# LM Bass Eat Flies???



## Captain Ahab

Yes they do - Made a short trip today with Larry (Lars) and he landed a real TOAD on his 3 wt fly rod. I think it is cheating but he assures me the fish do not care







I did OK as well - landed two nice ones - no flies, just soft plastics


----------



## bcritch

Nice healthly looking Bass


----------



## Waterwings

NIce catchin' to the both of you! 8)


----------



## G3_Guy

Dang Esquired... I must be in th wrong business.  What do you do for a living that allows you to go fishing every day?

Great job guys!


----------



## Jim

G3_Guy said:


> Dang Esquired... I must be in th wrong business.  What do you do for a living that allows you to go fishing every day?



:LOL2:

He is a consultant of sorts!


----------



## FishinsMyLife

Some healthy looking bass right there! Nice catchin


----------



## slim357

Nice job, one question whats the been thats tied around your buddies waist for, hold the line?


----------



## jkbirocz

Nice catch dave and larry. Slim, I don't know what it is called, but the box is for the line that is stripped in while working the fly. It keeps the line fom going everywhere and tangling up. That way when a fish hits you can give it line without a problem. They are used a lot with saltwater fly anglers. 

Dave what pond is that?


----------



## Nickk

wow! on a 3-weight! What fly?


----------



## slim357

ah thats what i was thinking, I know very little about fly fishing


----------



## mtnman

Nice fish Dave. It was a nice day to be out on the water. A little windy but nice!


----------



## Captain Ahab

That is a stripping basket - Lars uses it for Smallie fishing the river (he is a master at that). After he makes his cast, he has to pull the line in with his off hand (the hand not holding the rod). Without a stripping basket the line will just pile up at the anglers feet - not a big deal but in the river the current tends to start pulling the line down stream which is a PITA

He really did not need the basket for the lake - but it does make life easy by keeping the line out of the weeds.
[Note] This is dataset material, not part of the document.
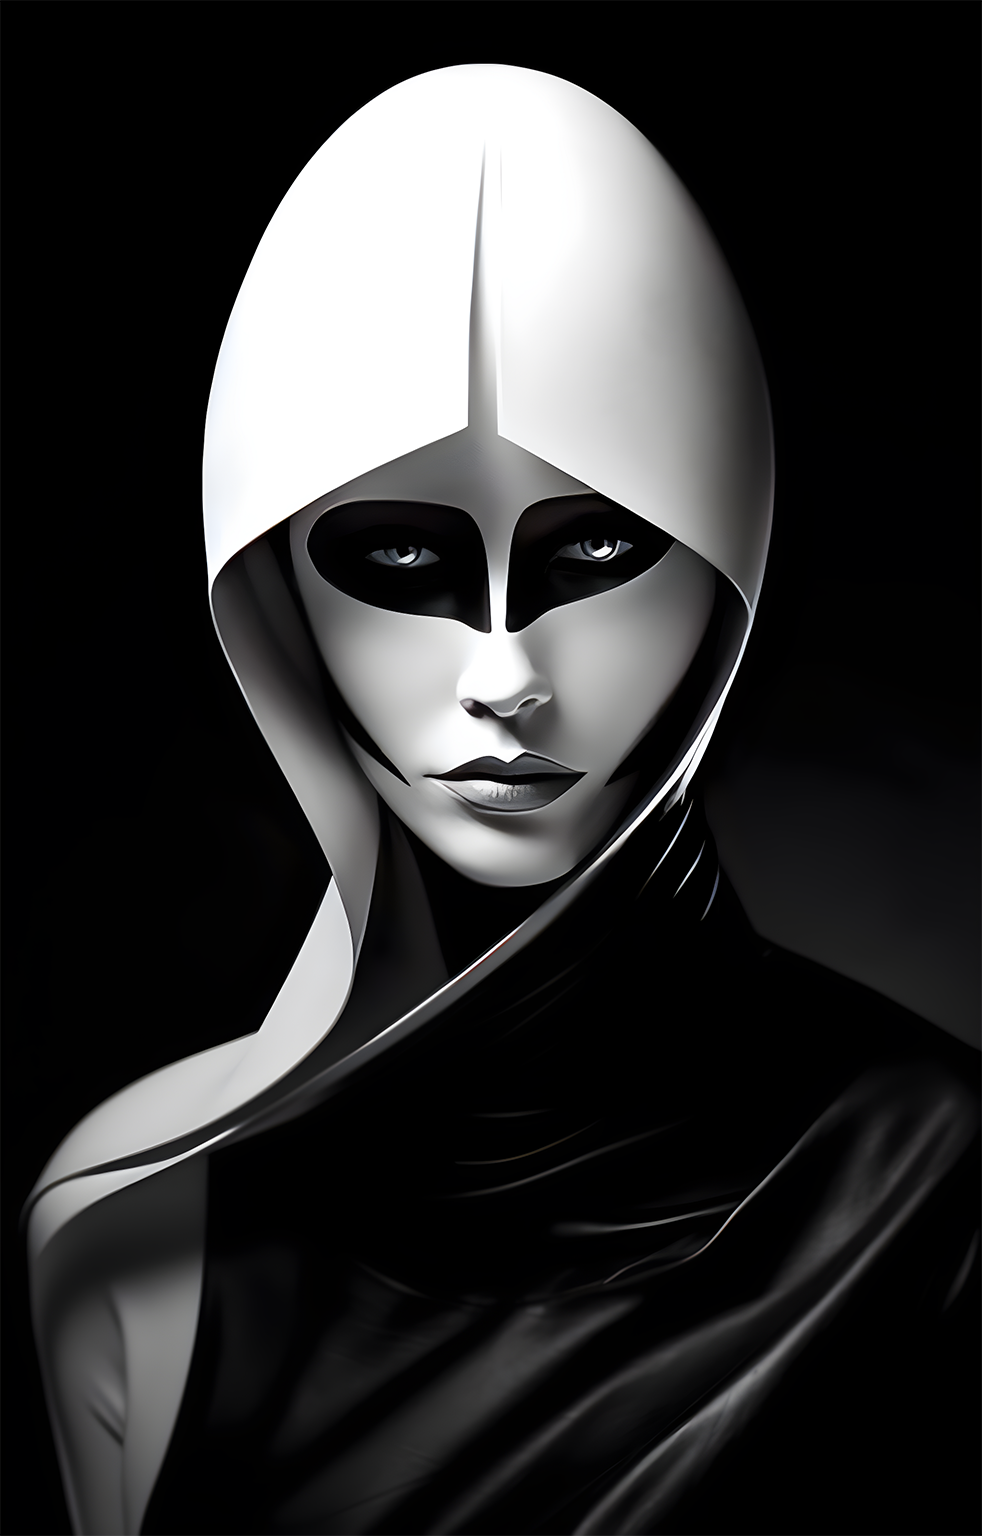 A stunning fusion of futuristic glamour and monochrome aesthetics  painted in bold black and white.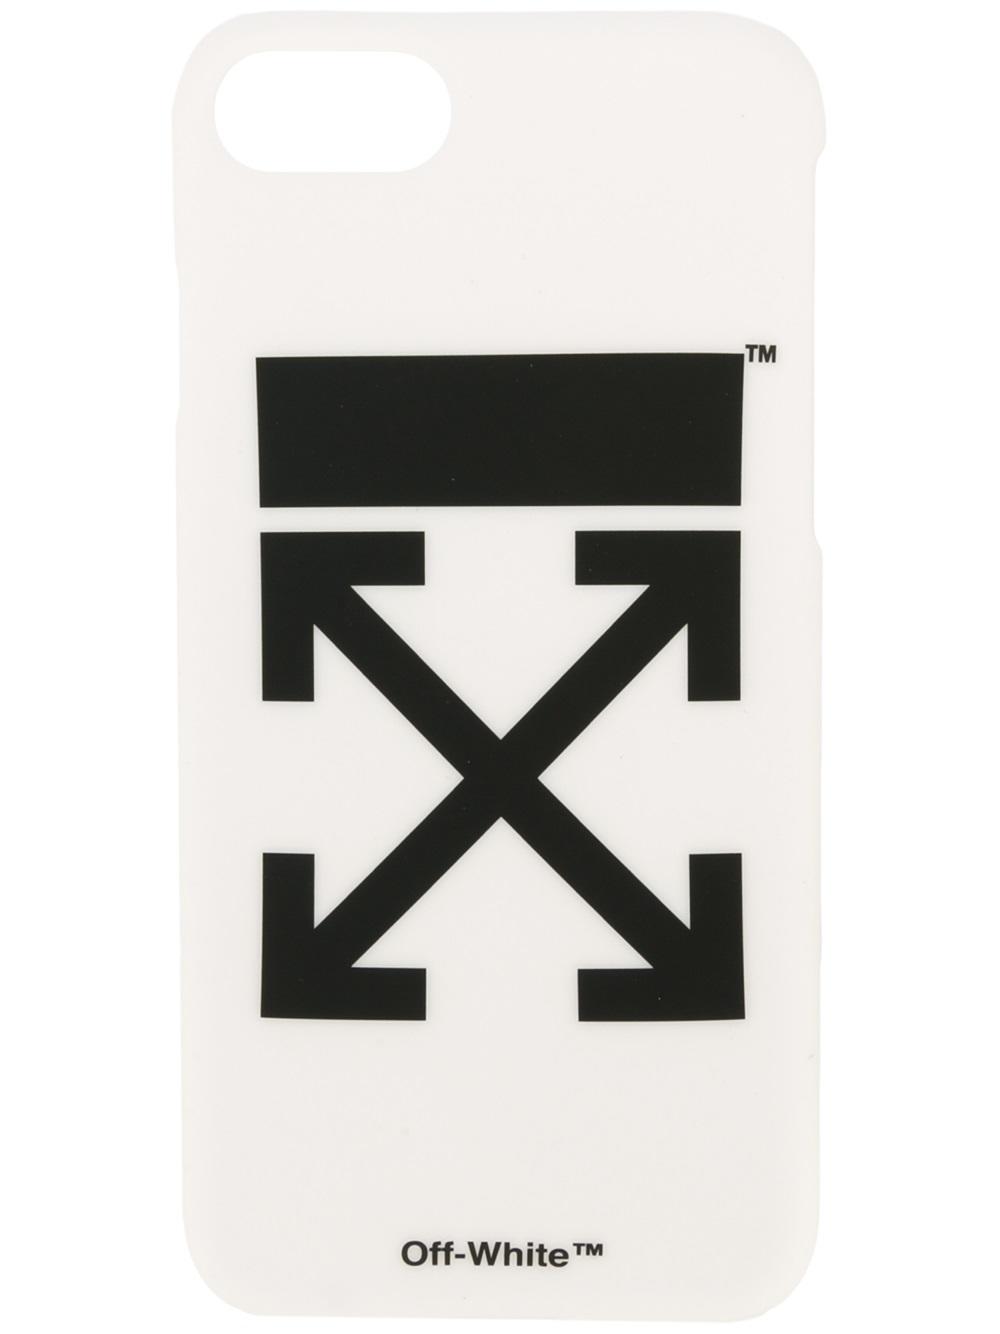 Off-White Arrows iPhone 7 case 0110 WHITE Men Lifestyle Phone Computer & Gadgets

He was using a Dahlberg Diver 






You think it is hard to remember all the weird bass lures - try talking to a hardcore fly guy - OUCH!


----------



## lars

just to set the record straight, it was a 5 wt rod. 

this smallie was caught on a 4 wt




smallies eat flies too.


----------



## Captain Ahab

See how attentive I am - I knew it was an odd number anyway.


Who the heck weighs there fishing rod????


----------



## lars

as far as the stripping basket,,,, it allows you to cast further easier as the line does not have to be "pulled" out of the surface tension of the water that it is laying in. you need less false casting of the line (casting the line back and forth in the air) and you can have a quicker "shooting" of the line thru the guides. they are mostly used in the salt as the surf does a number on your line when it is laying at your feet, and also in bigger rivers as the current will take your line downstream. i pretty much use it everywhere except when i am trout fishing. as you said, it helps keeping the line out of stuff. it also keeps your line a lot cleaner and lasting longer.


----------



## Nickk

esquired said:


> See how attentive I am - I knew it was an odd number anyway.
> 
> 
> Who the heck weighs there fishing rod????





:lol: :lol: 

it's line weight, it relates to how big of a fly you toss. A Dahlberg is a big, wind resistant fly and you need heavier line to chuck it. I was wondering the fly because a 3 weight gets to be a chore with anything over say a size 10 hook(IMO). 


Great fish on the 4 weight! When took up fishing again some years back it was fly fishing exclusively and all I had a was my 4-weight St Croix. I got it for trout but wanted to fish more so I took it smallie fishing many time, I was undergunned but it was fun!


----------



## Captain Ahab

Anyone seen my old Friend Lars? 


This was a classic post


----------



## JamesM56alum

My dad likes to fly fish, personally i could never master it at one point i got pretty good at it then stopped and tried to pick it up again about a decade later and yea that didn't work out so well, i'll just stick to the bait caster's or open reel


----------